─── Data ───

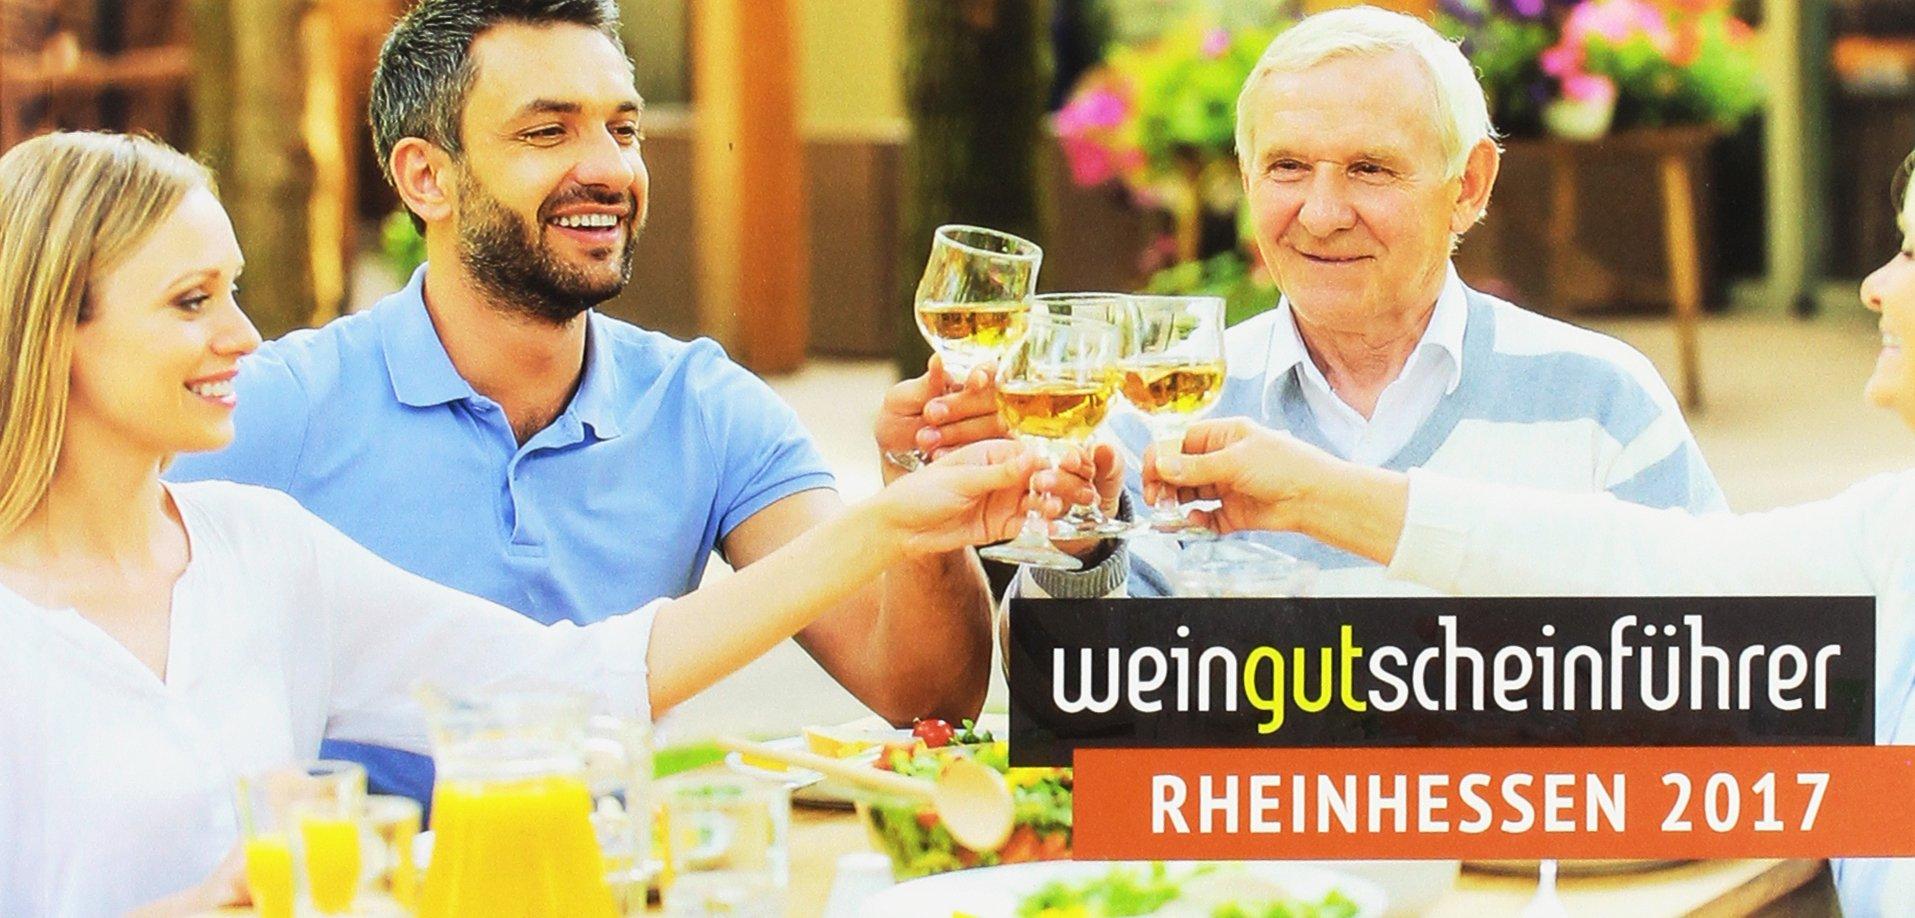 Weingutscheinführer: Rheinhessen 2017
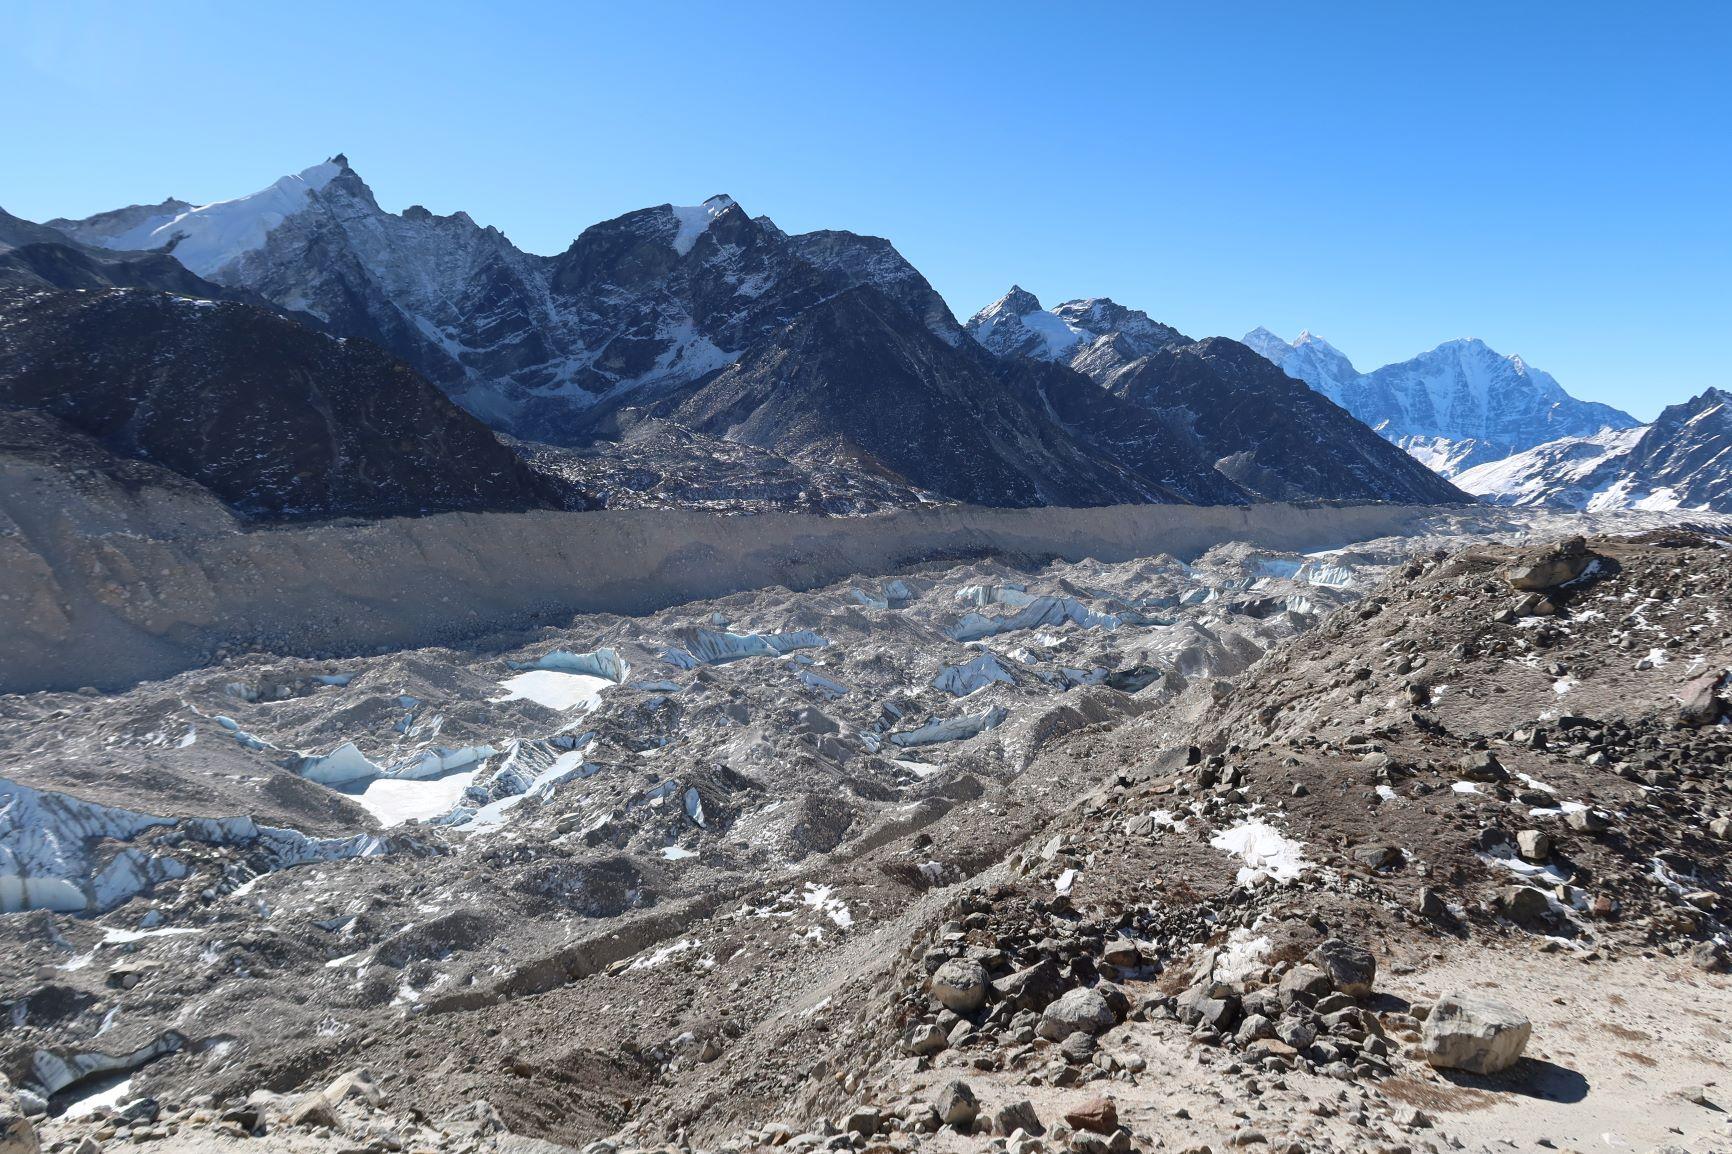 前往聖母峰基地營和登頂的必經之路,頻繁的冰河運動,斧琢出許多危險冰隙。© Greenpeace
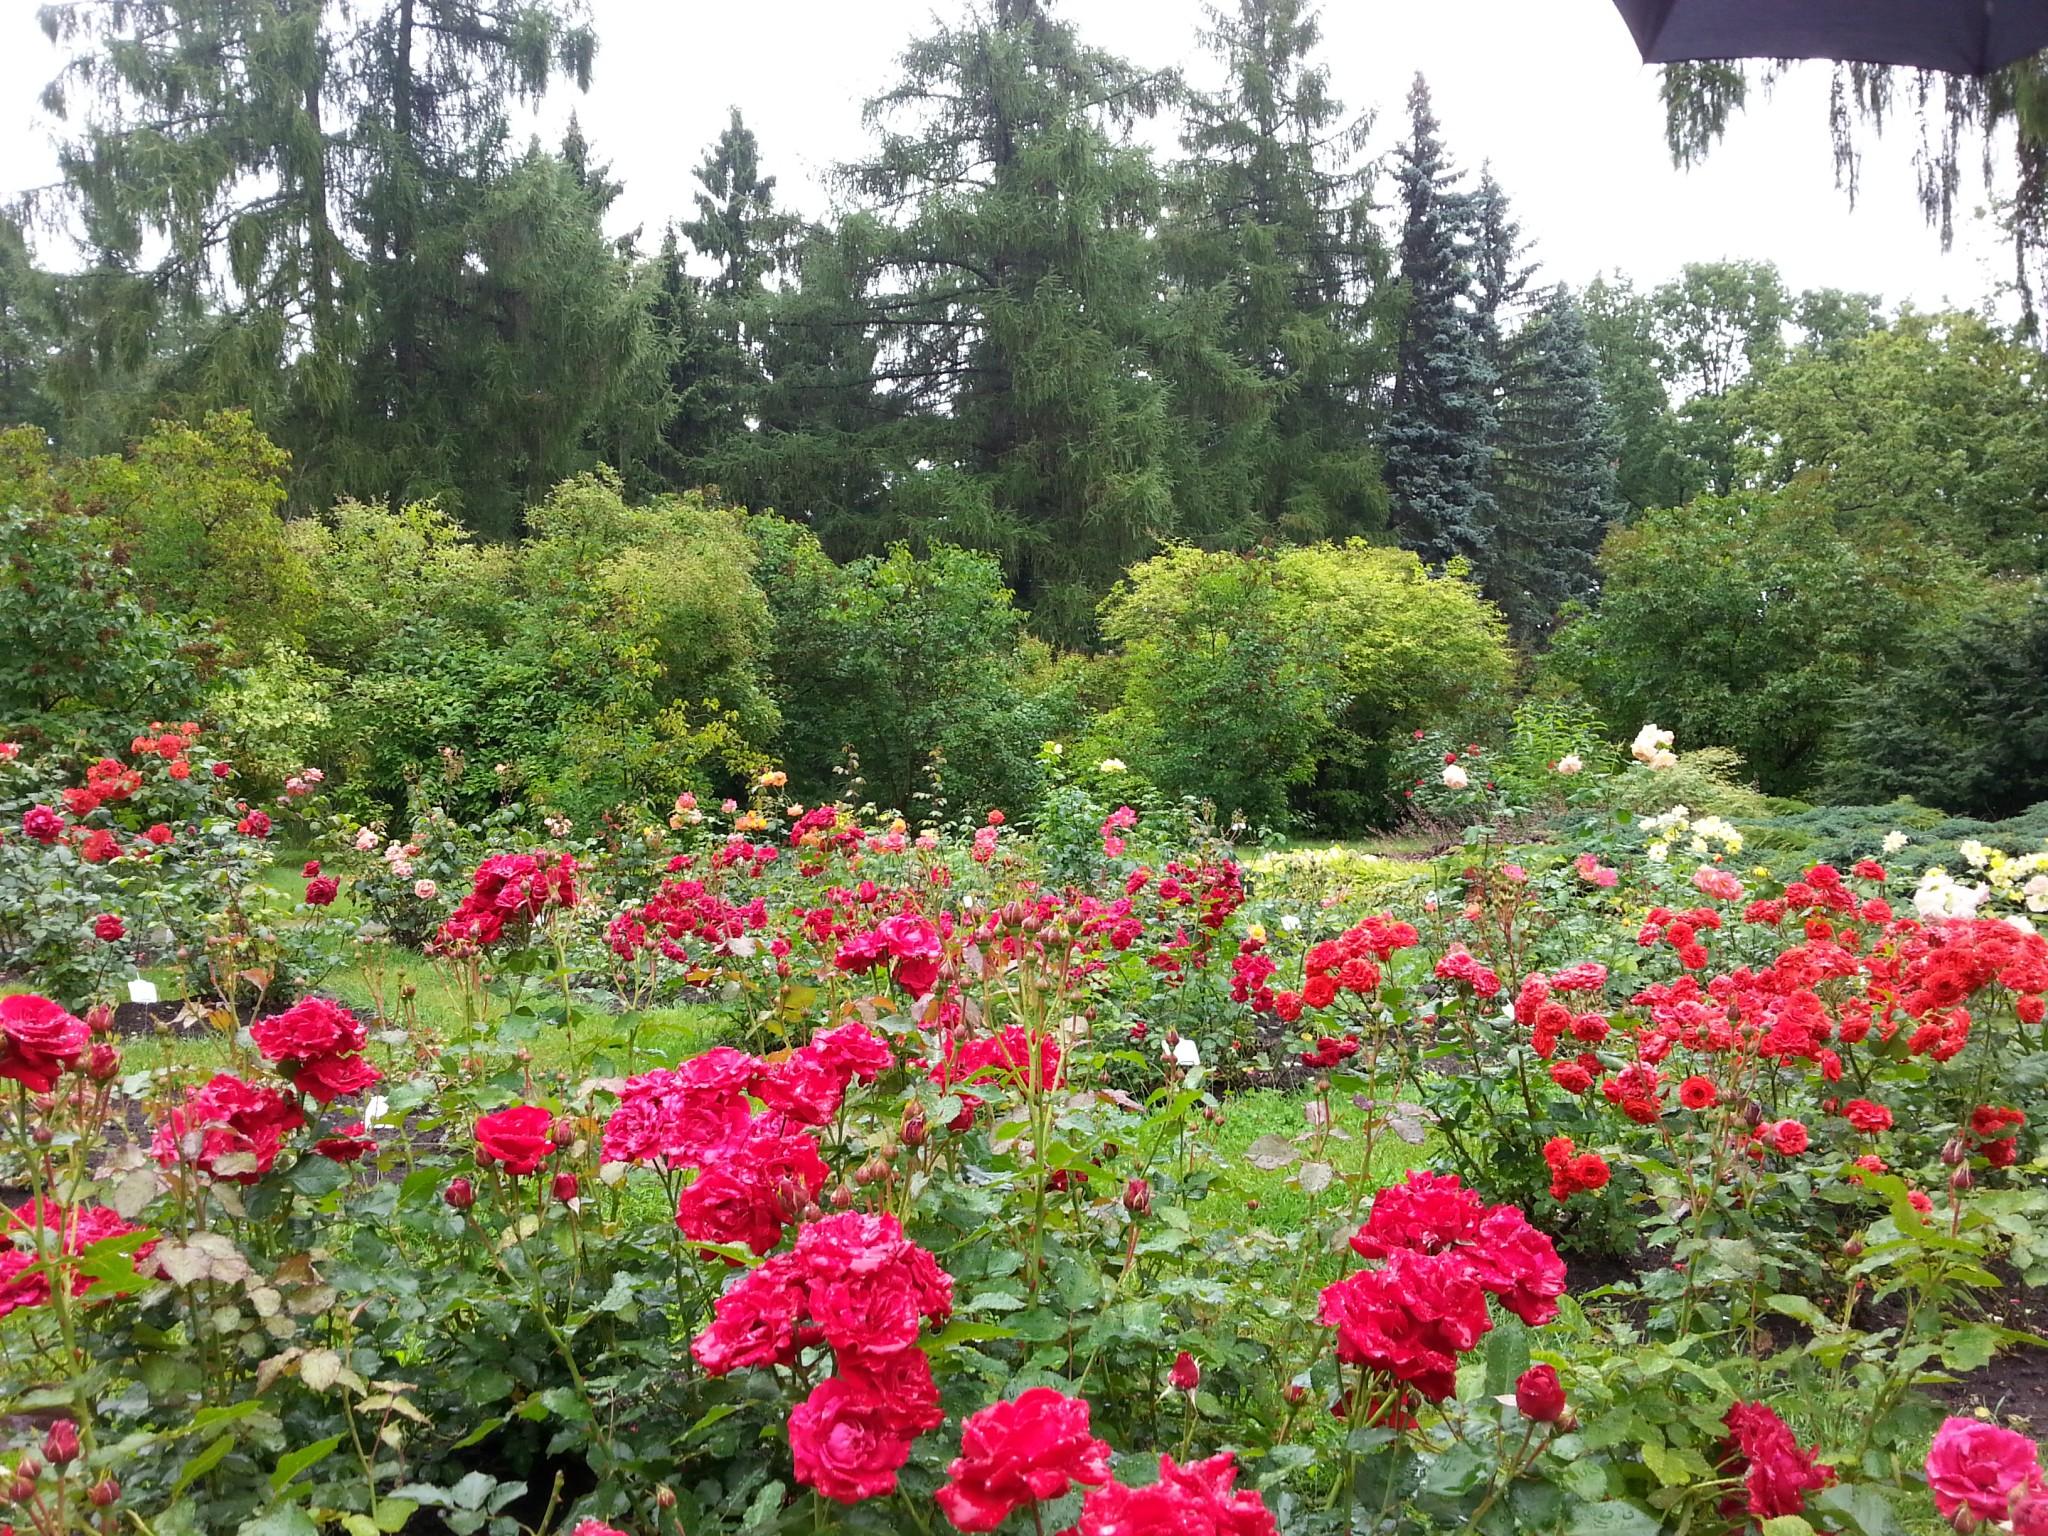 Onneksi näitä puutarhoja on kaikissa suurimmissa yliopistokaupungeissa. Vaikka en omaa puutarhaa koskaan saisikaan, on ihana tietää, että nämä paikat ovat avoimia kaikelle kansalle nautittavaksi!
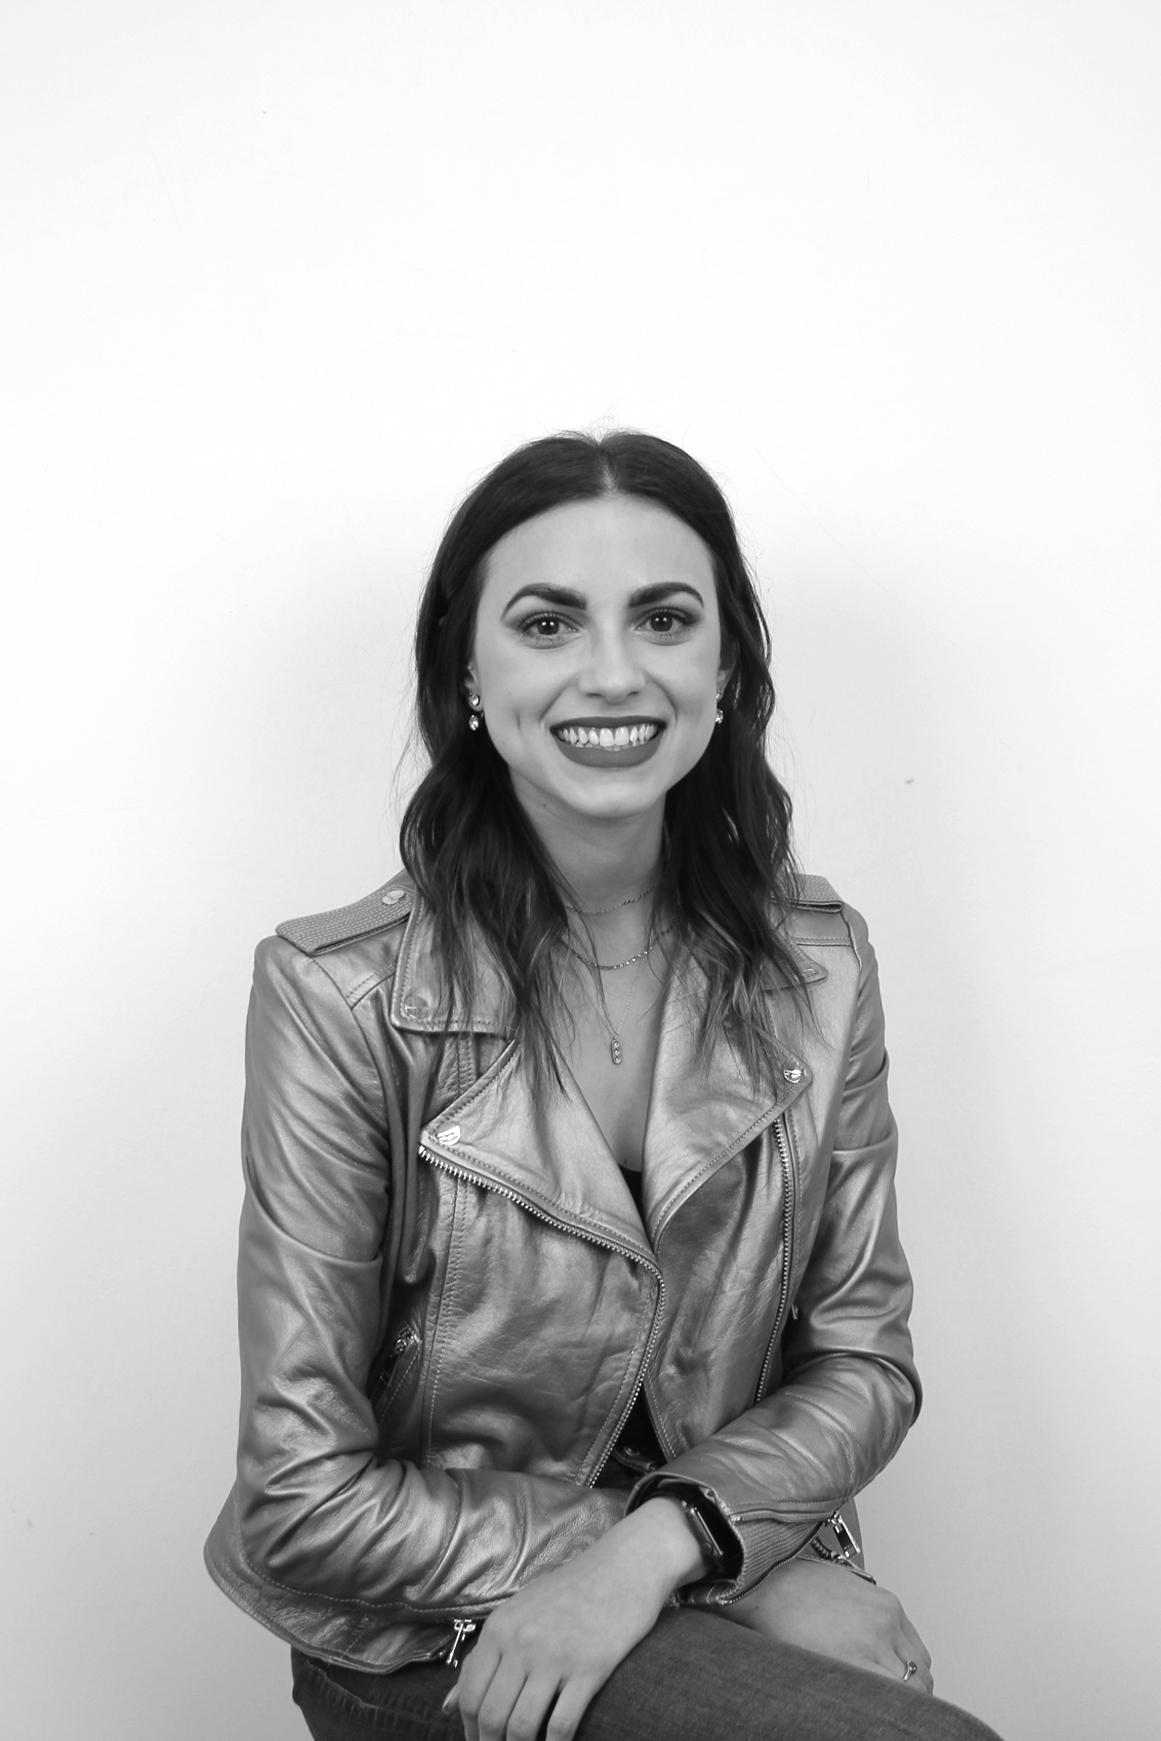 Emily Bastaroli

───

» Activity:
All of the lines above should be printed exactly, minus the pictures.

» Solution:
 Weingutscheinführer: Rheinhessen 2017
 前往聖母峰基地營和登頂的必經之路,頻繁的冰河運動,斧琢出許多危險冰隙。© Greenpeace
 Onneksi näitä puutarhoja on kaikissa suurimmissa yliopistokaupungeissa. Vaikka en omaa puutarhaa koskaan saisikaan, on ihana tietää, että nämä paikat ovat avoimia kaikelle kansalle nautittavaksi!
 Emily Bastaroli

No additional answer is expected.